Faut-il s’étonner pour autant de n’entendre aucun bilan critique sur la pensée qui nous vient d’Outre Atlantique. « Du passé, faisons table rase », cette phrase semble être dans toutes les bouches des commentateurs politiques, qui s’empressent de substituer l’espoir généré par l’élection d’Obama à une relecture nécessaire de l’histoire récente et aux conclusions qui s’imposent. L’émission l’Esprit public de France Culture diffusée le 25 janvier était à ce propos ce qu’on peut faire de mieux en termes de caricatures de faux fuyant dans le politiquement correct. Comment ne pas se pencher sérieusement sur la constatation essentielle qui ressort de l’étude des fondements de cette crise ? Les États-Unis sont-ils entrés dans une phase d’affaiblissement durable en raison du poids écrasant de son endettement, de la faillite d’une partie de son appareil industriel, du coût exponentiel de son potentiel de défense qui ne peut plus être déployé sur plusieurs fronts, de la fragilité de son équilibre interne notamment par la différence de démographie entre populations ? L’Histoire nous enseigne que ce type de changement dans la vie des empires modifie à terme la face du monde.

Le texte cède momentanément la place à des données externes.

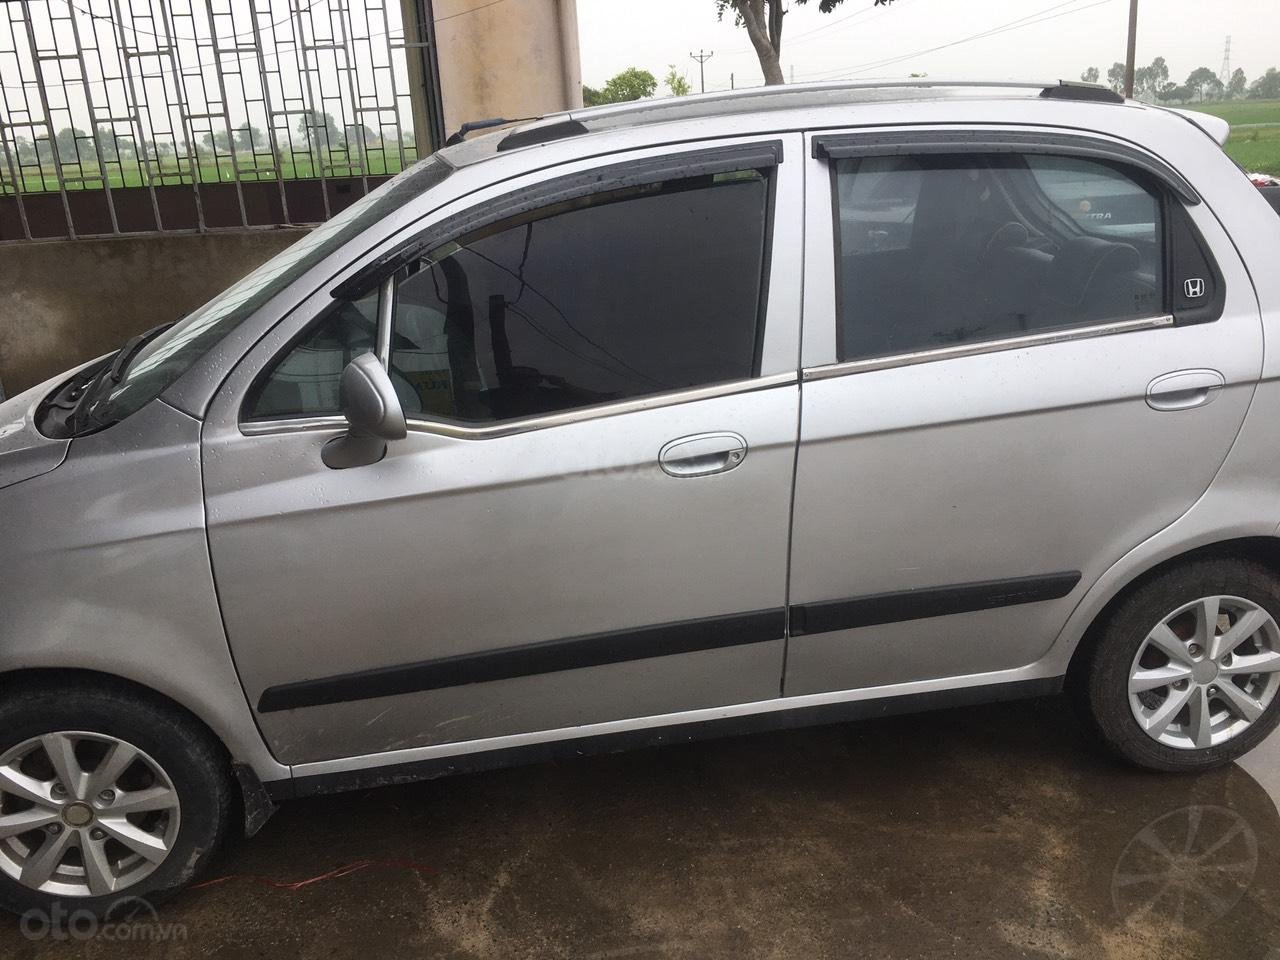 Bán ô tô Chevrolet Spark năm sản xuất 2010 chỉ 85 triệu, xem xe ở Ý Yên, Nam Định (2)

Il est vrai que la France a eu aussi ses maîtres penseurs sur la question. Je pense en particulier à Bertrand Badie qui a été au cœur de la réflexion sur la notion de puissance dans les cercles de la science politique parisienne. Comme l’indique un document rédigé récemment par des étudiants de l’Ecole de Guerre Economique, une partie des écrits de Bertrand Badie ne résiste pas à l’examen des faits. La Russie en Géorgie, l’Iran en Irak et au Liban, la Chine en Afrique cultivent la pédagogie d’un usage efficace de la puissance remettant ainsi en cause la dialectique d’un Badie qui tenta un jour de démontrer le bien fondé d’un nouveau concept qu’il avait intitulé « l’impuissance de la puissance ». Il est difficile de se tromper à ce point. Le monde du XXIème siècle, frappé de plein fouet par l’effondrement des croyances du modèle américain, n’a pas fini de nous surprendre. On peut comprendre les auteurs américains qui cherchent à influencer par des maladresses théoriques. Cela fait partie du jeu. On comprend moins l’attitude des intellectuels libres de toute mission impériale, qui s’évertuent à nous faire croire le contraire de la réalité. Ces gens-là se drapent la plupart du temps dans le drapeau de l’humanisme. Mais leur combat affaiblit la perception des enjeux qui conditionnent notre vie plus qu’il ne nous renforce l’esprit. Le quiproquo est ancien. La terreur révolutionnaire a depuis longtemps tracé les limites de notre pensée humaniste : pas de liberté pour les ennemis de la liberté. Je n’ai pas l’impression qu’on ait retenu la véritable leçon à tirer de cette petite phrase qui parasite depuis des siècles la lecture que nous faisons des rapports de force internationaux et des dynamiques de puissance.